(THE DATA)
=====

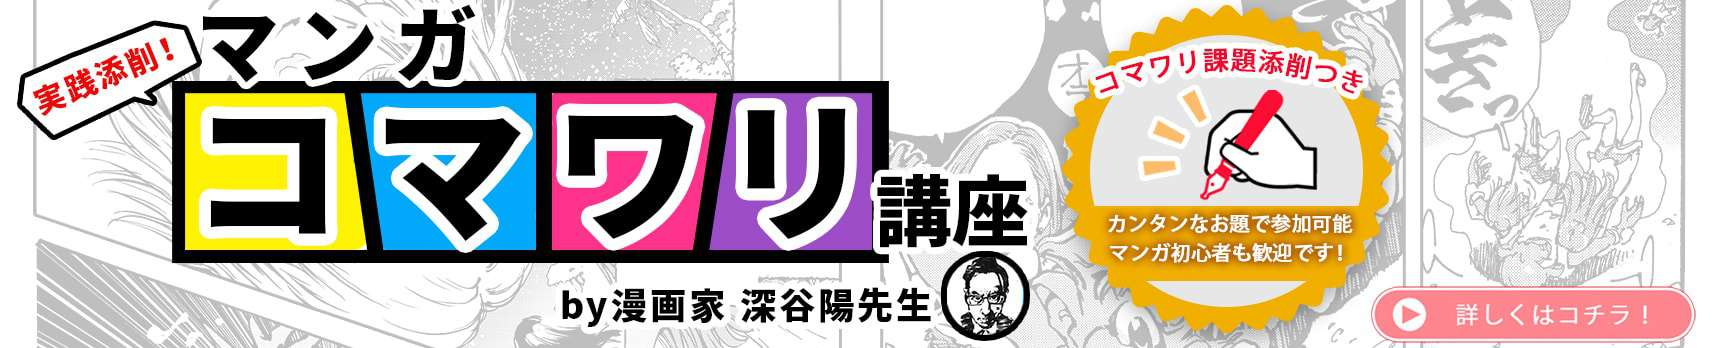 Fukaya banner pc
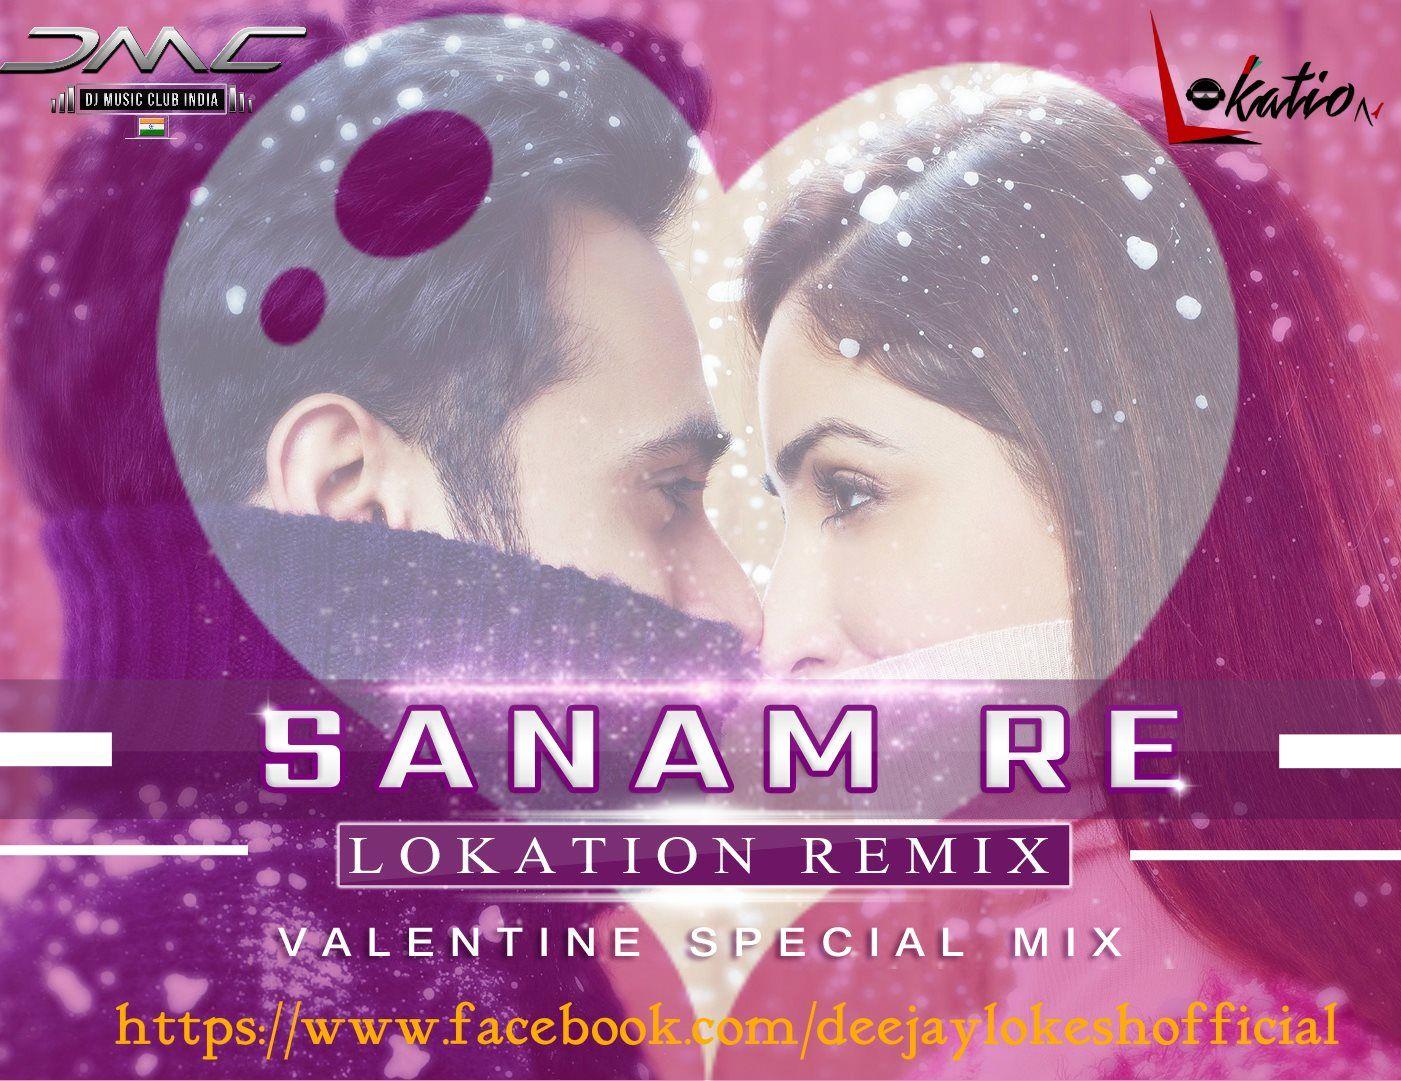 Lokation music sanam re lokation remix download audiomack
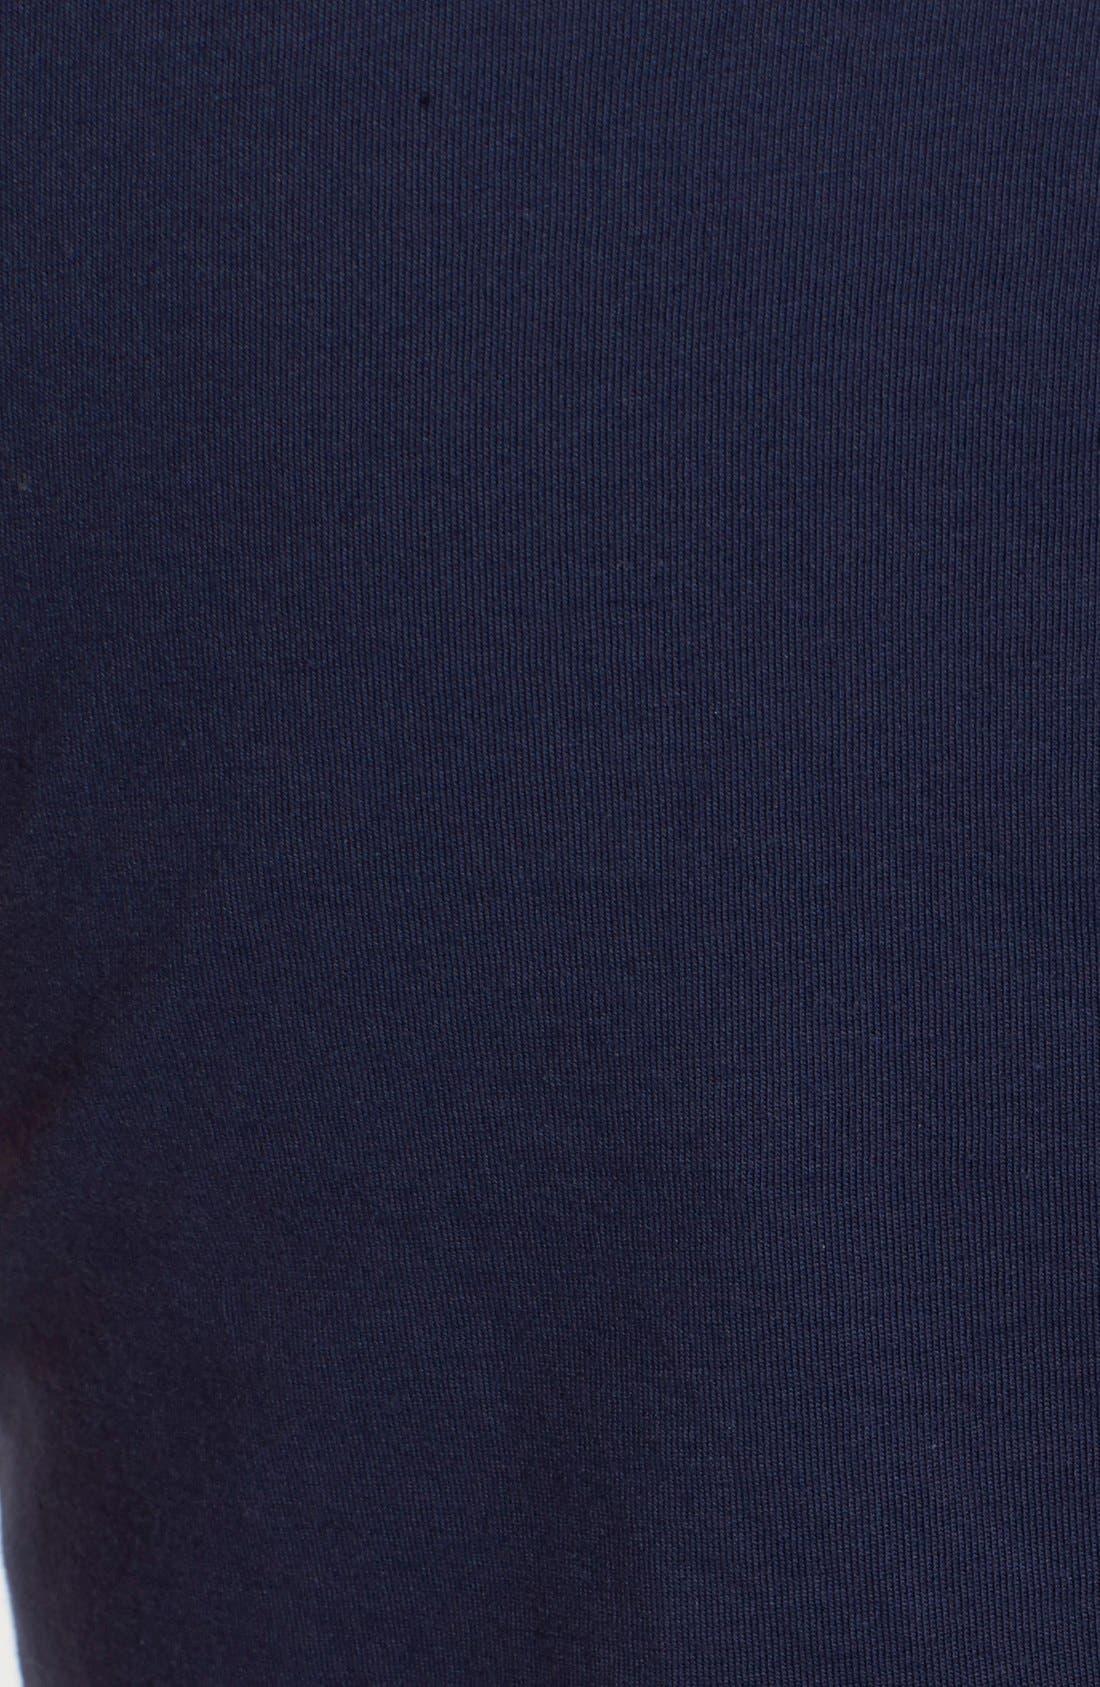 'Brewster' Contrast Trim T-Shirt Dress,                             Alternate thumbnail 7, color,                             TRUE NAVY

=====

(YOUR TASK)
The output has to match the data above line for line, except that pictures are dropped.

(SOLUTION)
 Fukaya banner pc
 Lokation music sanam re lokation remix download audiomack
 'Brewster' Contrast Trim T-Shirt Dress,                             Alternate thumbnail 7, color,                             TRUE NAVY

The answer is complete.